The district court concluded that the facts surrounding the June 17, 1994, shareholders' meeting were not in dispute and that Evans' testimony would have raised no issue of fact that would have altered Judge Burdick's decision on the enforceability of the agreement. Clearly, Evans was not competent to testify as to the intent of the parties to be bound by the agreement reached at the shareholders' meeting, and there were no facts presented that addressed the specific question of Greg Anderson's intent. We agree with the district court that testimony from Evans was cumulative and unnecessary for purposes of corroboration. We conclude that the district court did not err in holding that the failure to submit the affidavit of Gary Evans was not negligent conduct on the part of attorney Beeks.

C. Failure to join Greg Anderson as a defendant in the shareholder litigation

The Jordans contend that the shareholder litigation was doomed from the start because of attorney Beeks's decision to proceed only as against Carl and Margaret Anderson. They assert that counsel's failure to name Greg Anderson as a defendant constituted malpractice for which they are entitled to recover.

The district court found that because Greg Anderson was granted leave to intervene in the underlying case, this issue was rendered moot. The Jordans failed to show that they suffered damages from attorney Beeks's decision not to name Greg Anderson as a defendant in the shareholder litigation. We find no error in the district court's decision on this point.

II.

Finally, the Jordans assert that the district court erred in denying their motion for reconsideration. The motion, which was supported by supplemental affidavits of Chris Jordan, was filed alternatively pursuant to I.R.C.P. 11(a)(2)(B) and I.R.C.P. 59(e). The district court took into account the content of the affidavits and "re-read everything," but nevertheless refused to alter in any way its original decision.

The decision to grant or deny a request for reconsideration generally rests in the sound discretion of the trial court. Watson v. Navistar Int'l Transp. Corp., 121 Idaho 643, 827 P.2d 656 (1992); Slaathaug v. Allstate Ins. Co., 132 Idaho 705, 979 P.2d 107 (1999). After a thorough review of the record, we conclude that the district court was provided with no new facts to create an issue for trial, and thus there was no basis upon which to reconsider its summary judgment order.

CONCLUSION

The Jordans were unable to establish that anything counsel did or failed to do was the proximate cause of their damages, including but not limited to loss of the shareholder litigation. When the plaintiff fails to submit evidence to establish an essential element of a claim, summary judgment dismissing the claim is appropriate. Nelson ex rel. Nelson v. City of Rupert, 128 Idaho 199, 911 P.2d 1111 (1996); Ambrose v. Buhl Joint School Dist. No. 412, 126 Idaho 581, 887 P.2d 1088 (Ct.App.1995).

*915 The award of summary judgment in favor of attorney Beeks and the denial of the motion to reconsider are hereby affirmed. Costs to Respondents. No attorney fees are awarded.

Chief Justice TROUT and Justices SCHROEDER, KIDWELL and REINHARDT, Justice pro tem, concur.

NOTES

[1] Margaret Anderson had passed away in the meantime, in April 1995.

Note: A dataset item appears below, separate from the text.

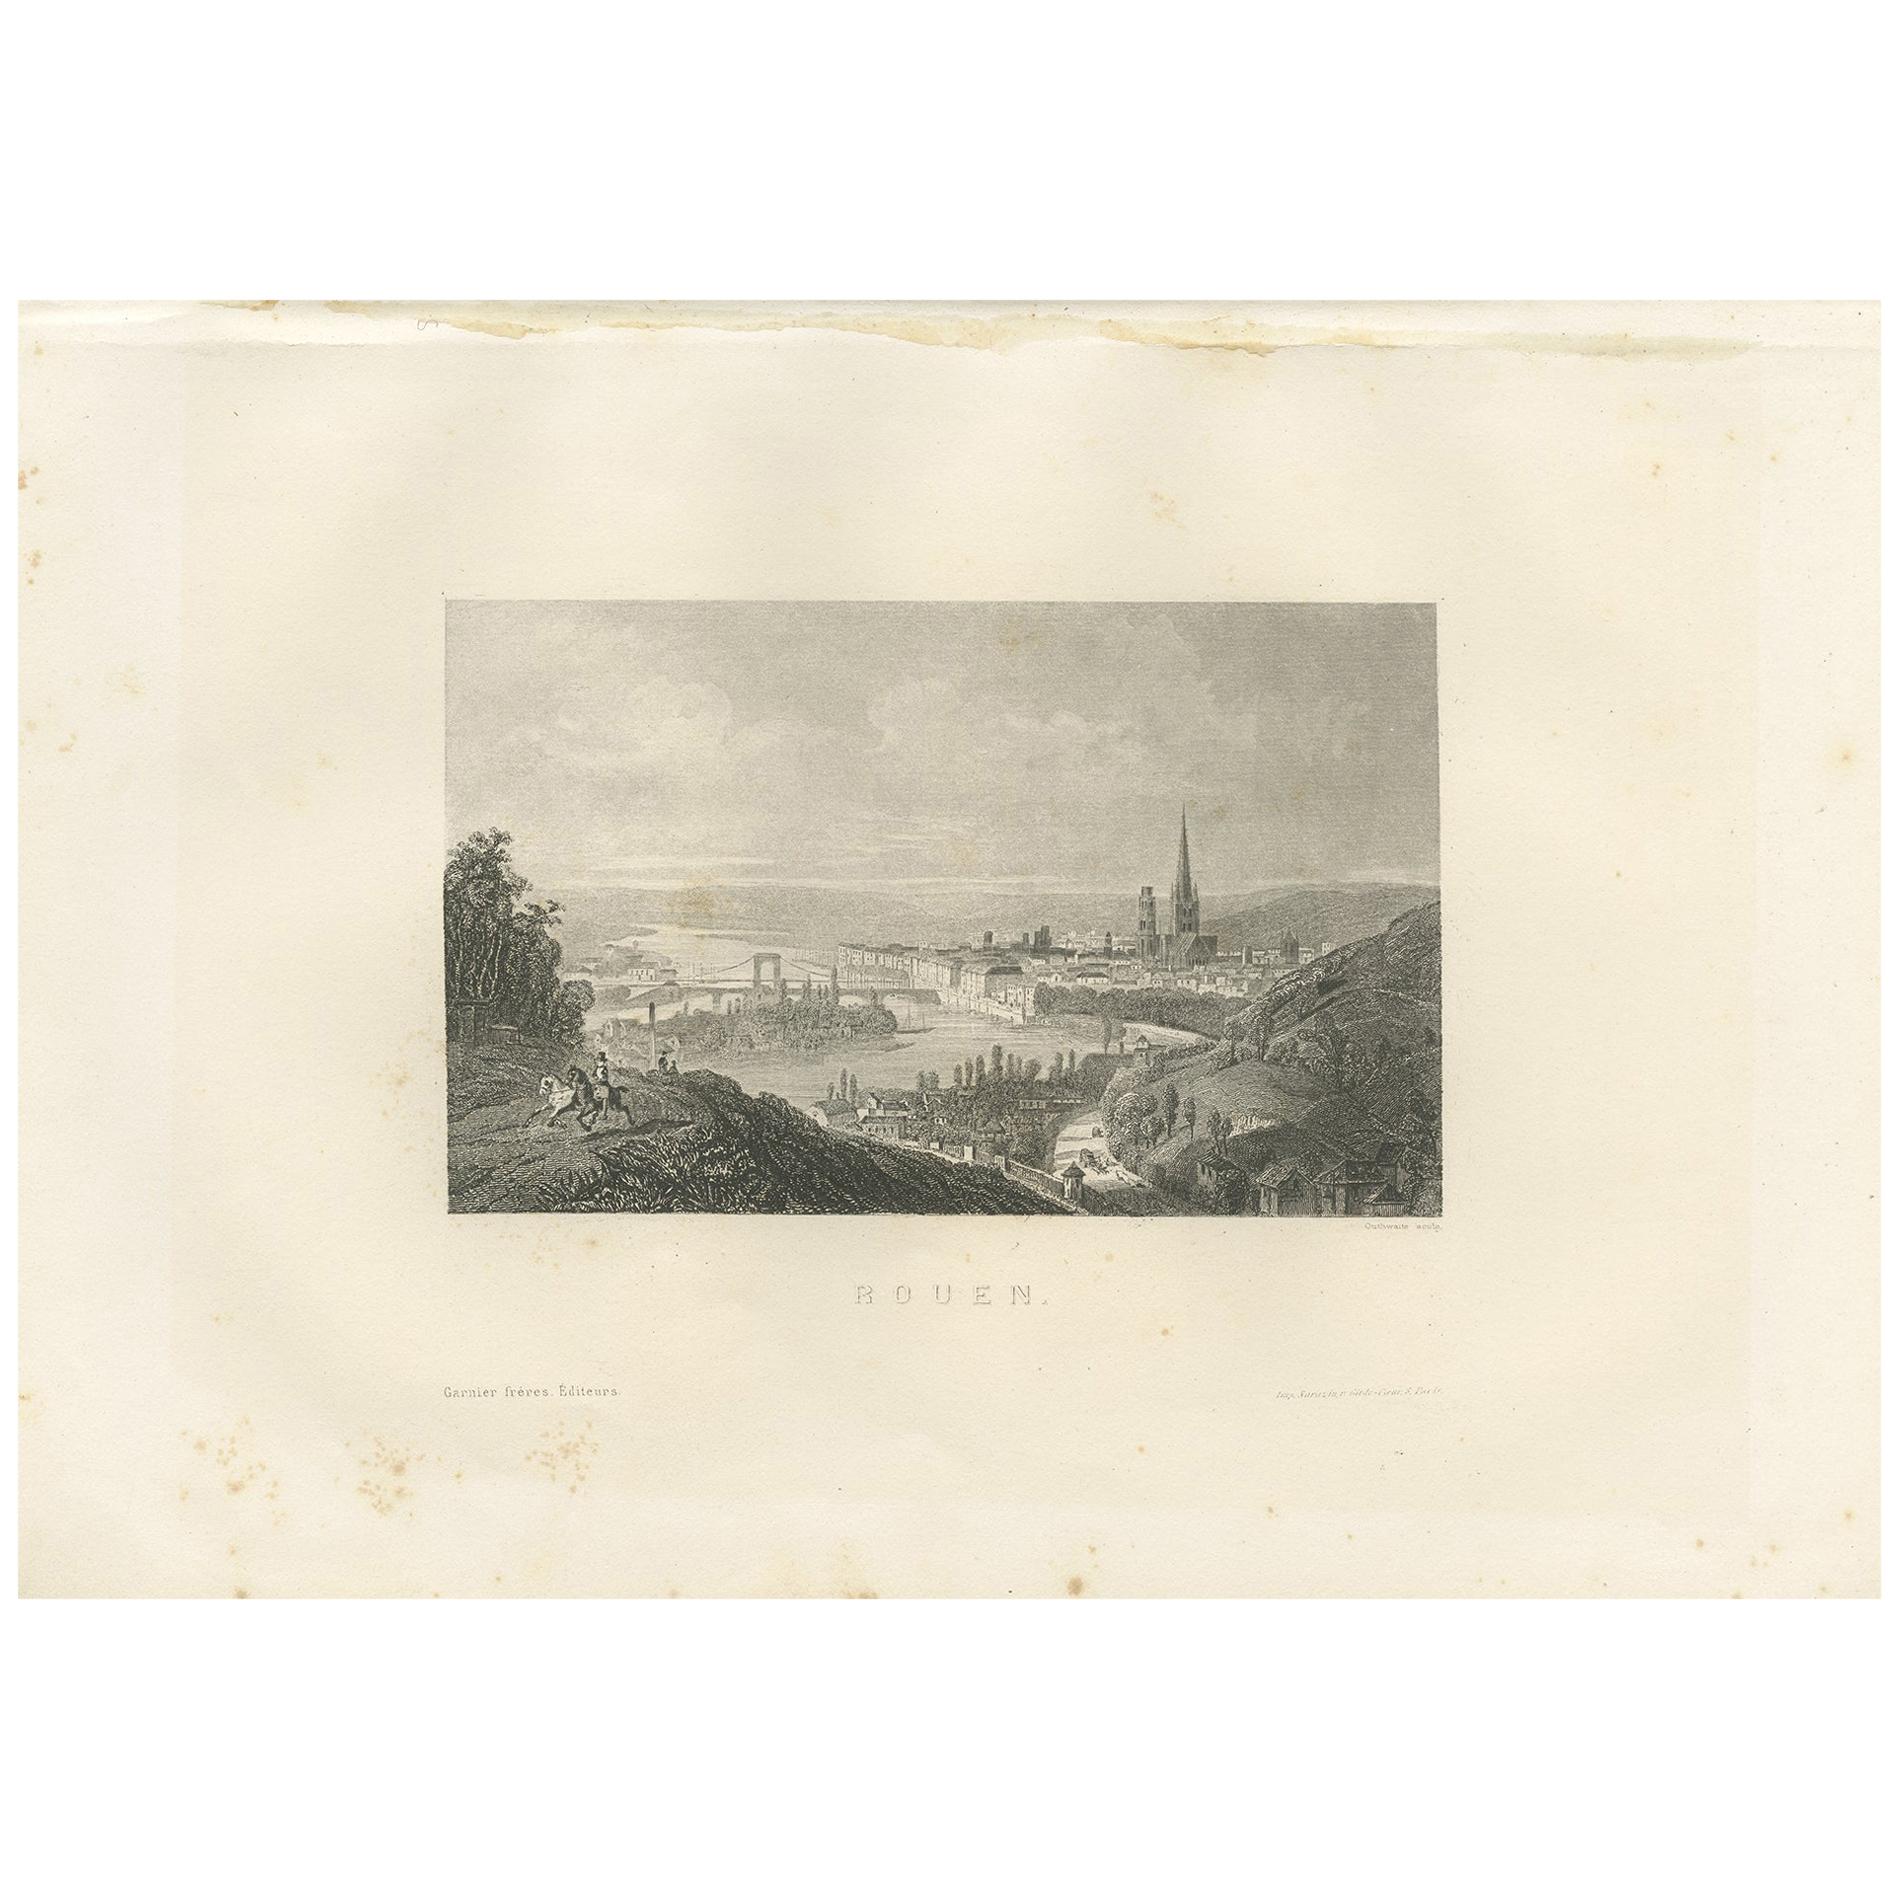 Antique Print of the City of Rouen by Grégoire '1883'

[2] The Jordans presented a cross-motion seeking summary judgment on the defendants' affirmative defense that the complaint was not filed within the applicable statute of limitation. This matter, however, is not raised in the appeal.

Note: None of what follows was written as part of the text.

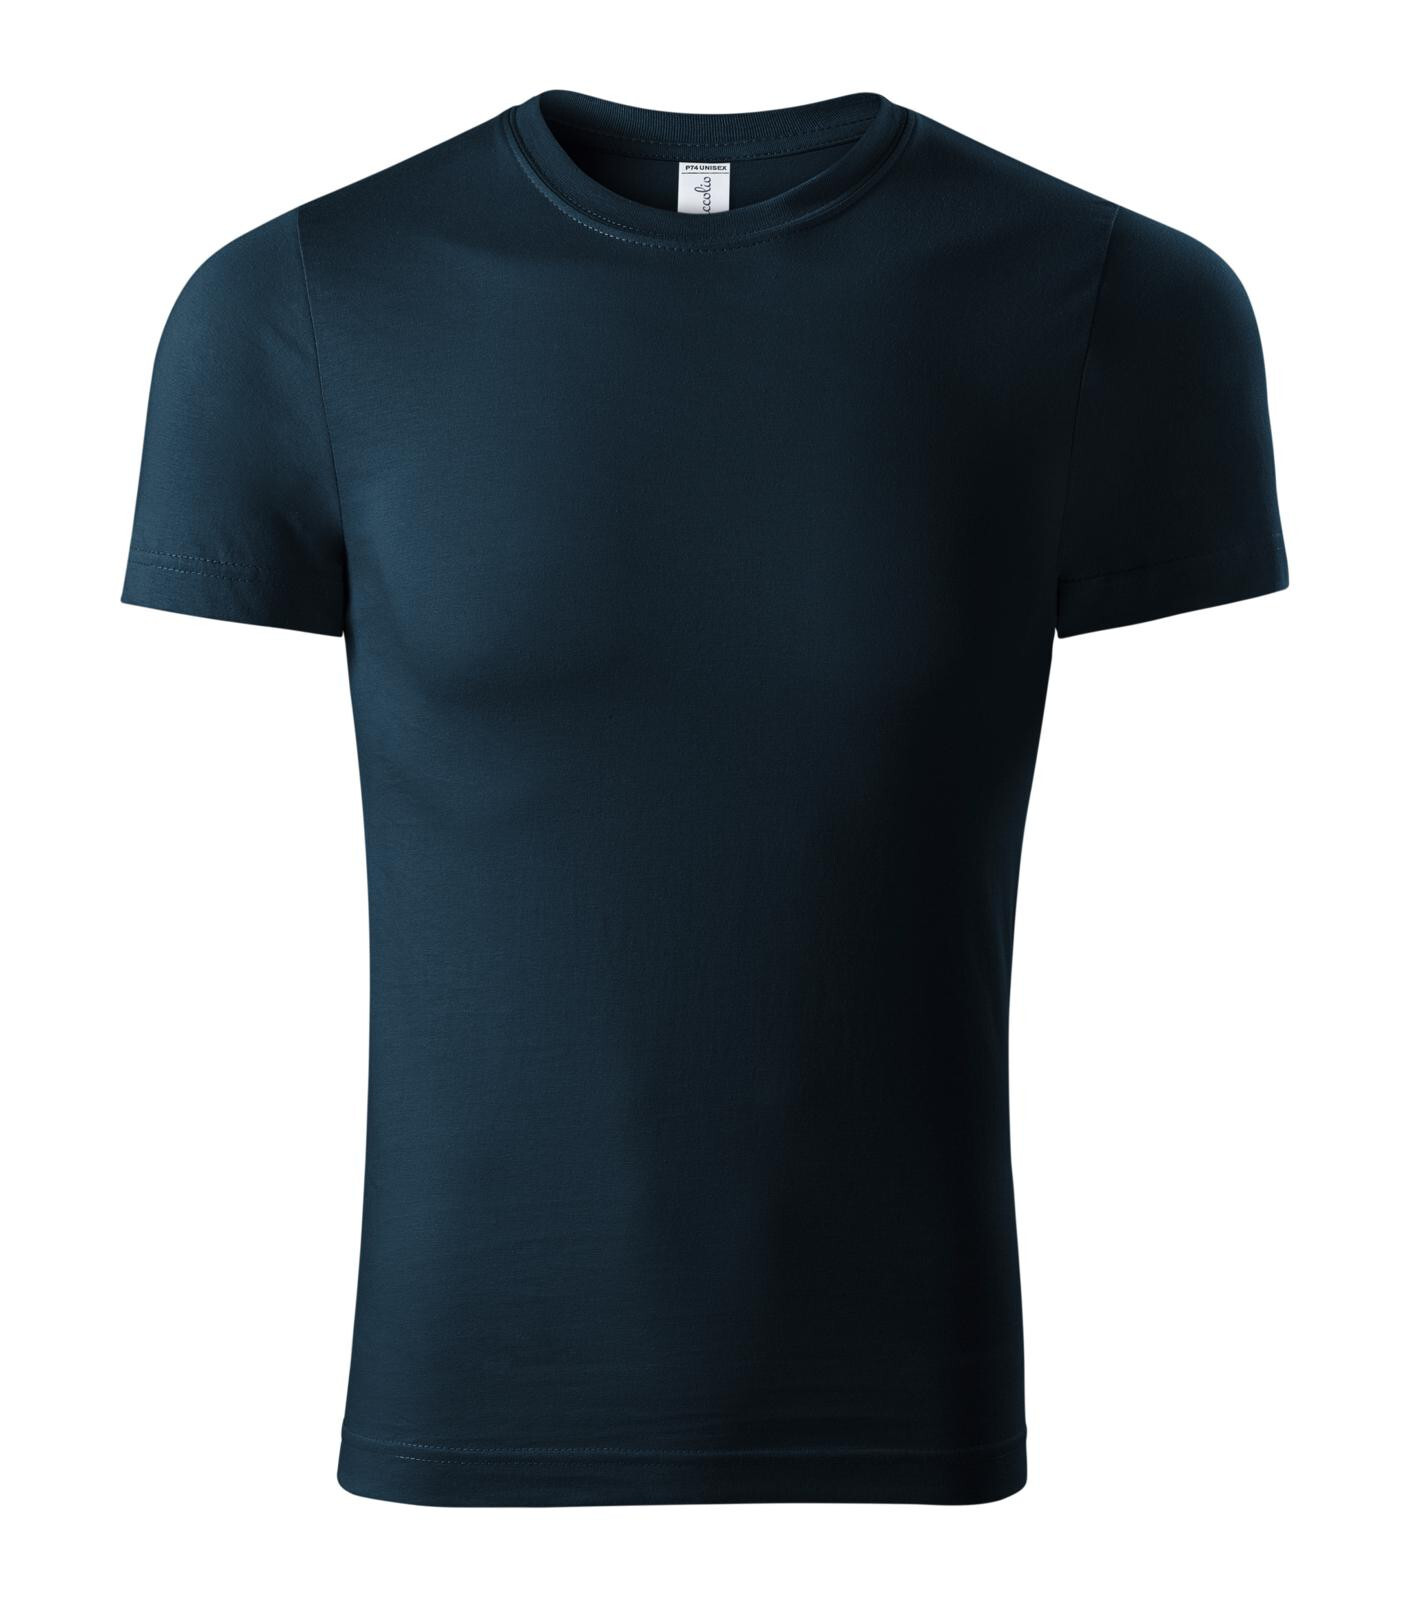 Unisex bavlnené tričko Piccolio Peak P74 - veľkosť: L, farba: tmavo modrá

[3] The Jordans argue that the district court ignored Squyres' affidavit. Idaho Rule of Evidence 702 allows a witness qualified as an expert to testify in the form of an opinion if specialized knowledge will assist the trier of fact to understand the evidence or to determine a fact in issue. Attorney Squyres' affidavit did not deal with a disputed factual issue but with the enforceability of the shareholders' agreement and the legal effect of attorney Beeks's January 23, 1995, letter to Greg Anderson. The district court determined that the affidavit constituted legal argument and that it would not be helpful.